These examples are trivial, and in real life are not likely to cause major problems. Things get worse when the rest of the program gets more interesting.

The following "main program" controls a two-player game between the human ant the computer, in which the players alternate moves. The Principle of Information Hiding has been largely respected in this example; indeed, it is impossible to deduce from the program just which game is being played.
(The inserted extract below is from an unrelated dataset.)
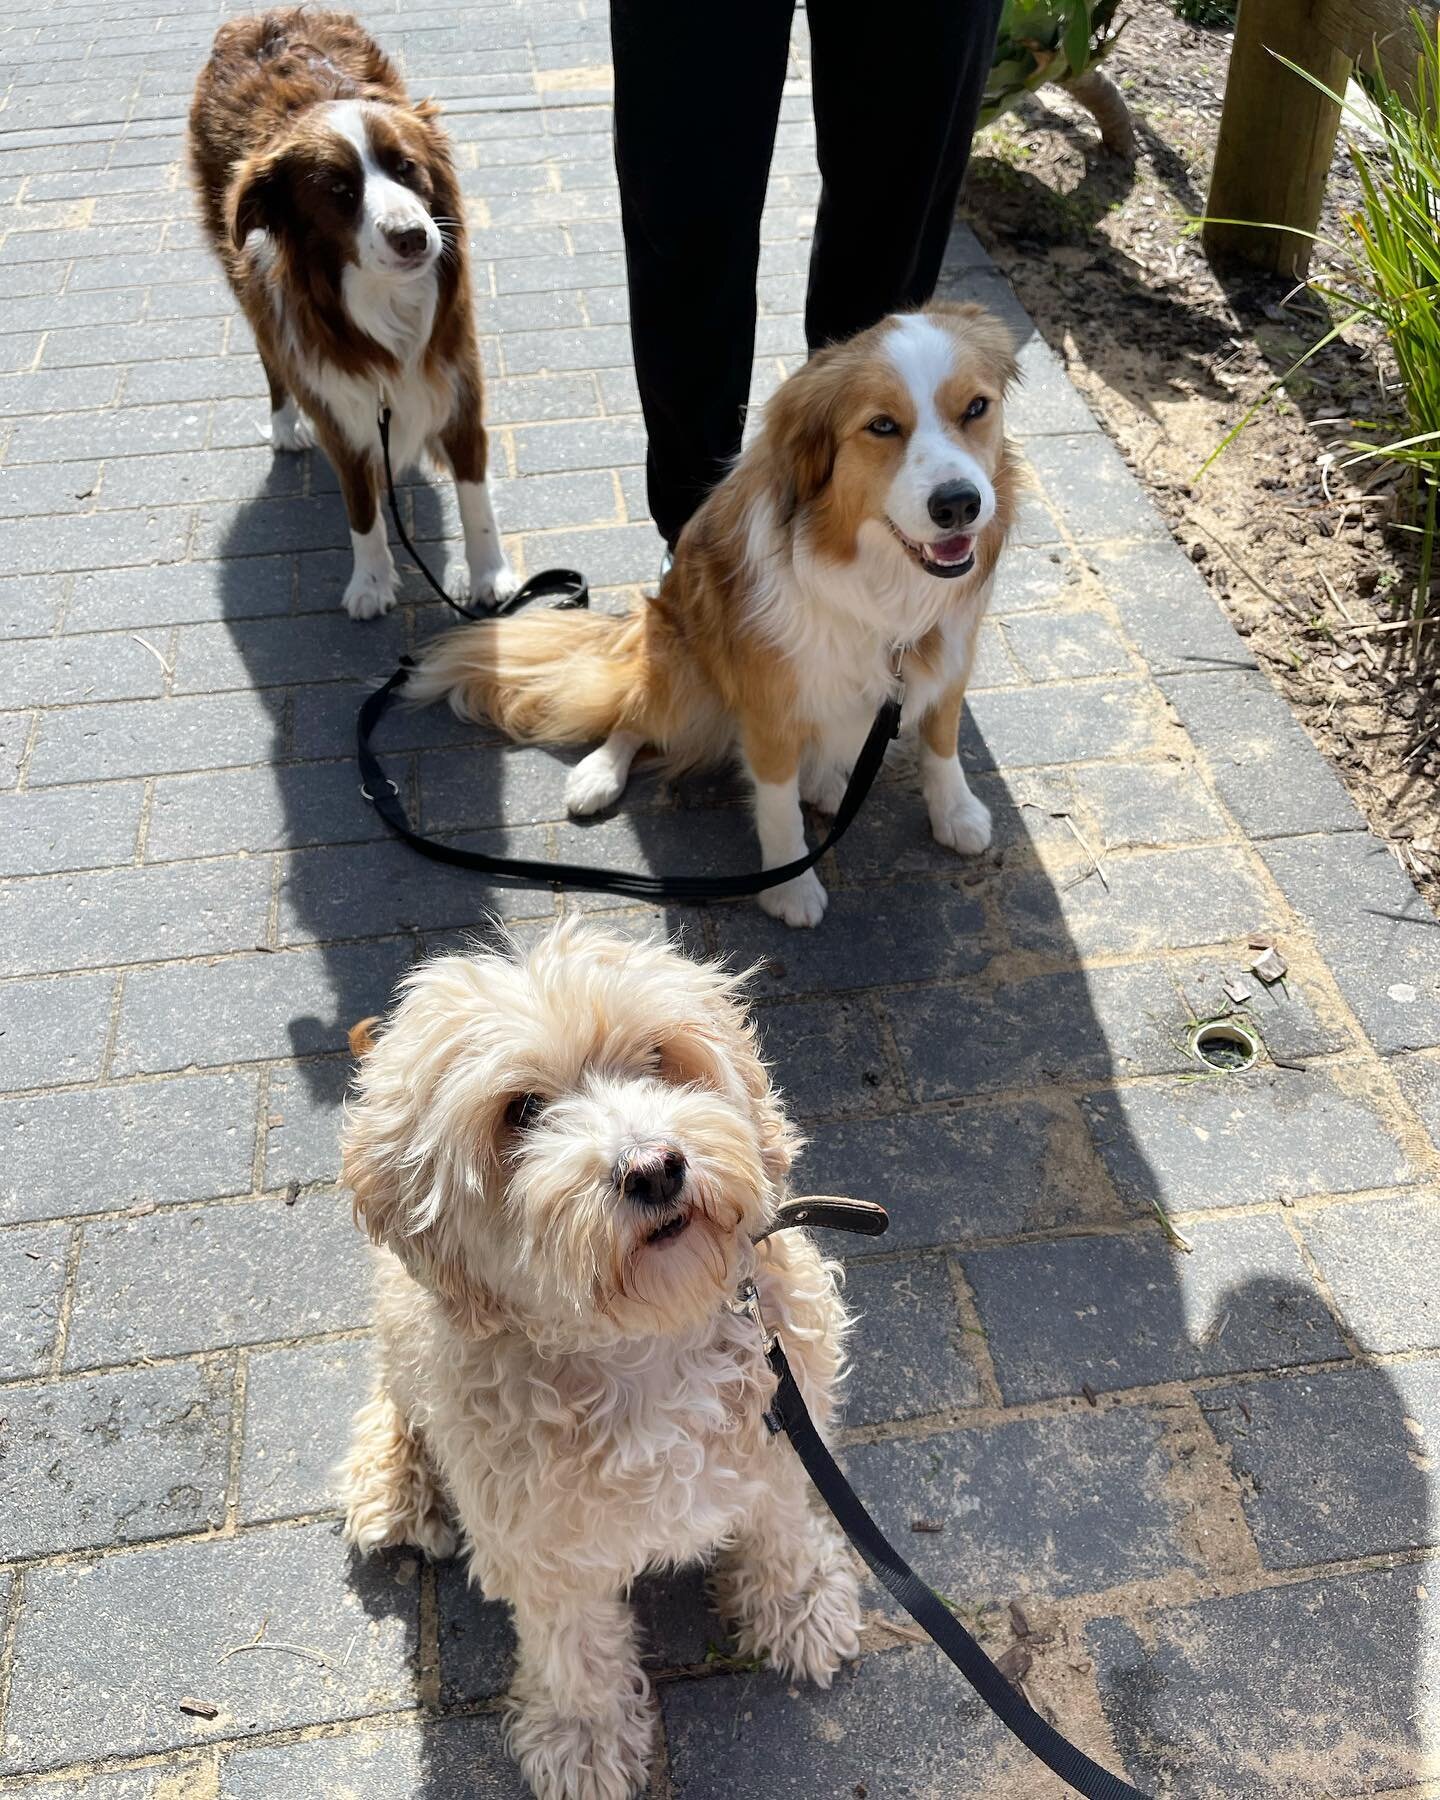 We took lilo and the girls for a lockdown walk for a coffee at the beach, no masks no social distancing🤦&zwj;♂️@toowoonbayhouse

#dogsofcharltonstreet #dogsoftoowoonbay #mydoglovescoffee #dogfriends

beginsetup; choosefirst (player);repeat ifplayer = "human"then begin repeataccept (move); checklegality (move,ok)untilok; make (player, move, gameover); player := "computer"end else(* player = "computer" *)begindecide (move); make (player, move, gameover); player := "human"end untilgameoverend.

It is possible to understand this program and verify its correctness, given very simple assumptions about what the called routines do. For example, we would expect "choosefirst (player)" to somehow decide who plays first, and to set its parameter to "human" or "computer" accordingly. All information relevant to the operation of the main program is fully specified in the parameter lists.

I have not shown any of the declarations. There is, presumably, a structured variable "board" which represents the playing board; since there is only one of it, and since it is used by all routines, it seems to me to make more sense to make "board" a global variable rather than to put it in the parameter list of every routine. (It may be that procedure "decide" uses a scratch board to do its thinking on--but that's its business.)

A more serious violation of the Principle of Information Hiding is variable "move," which must somehow be declared in the main program; to do this, we must know how a move can be specified. True, the variable is not really used in the main program, just passed along from one procedure call to the next. There do exist languages which recognize this and allow you to defer the declaration, but you won't be programming in one of them anytime soon. Some things we just learn to live with.

Now consider an alternate version of the same program.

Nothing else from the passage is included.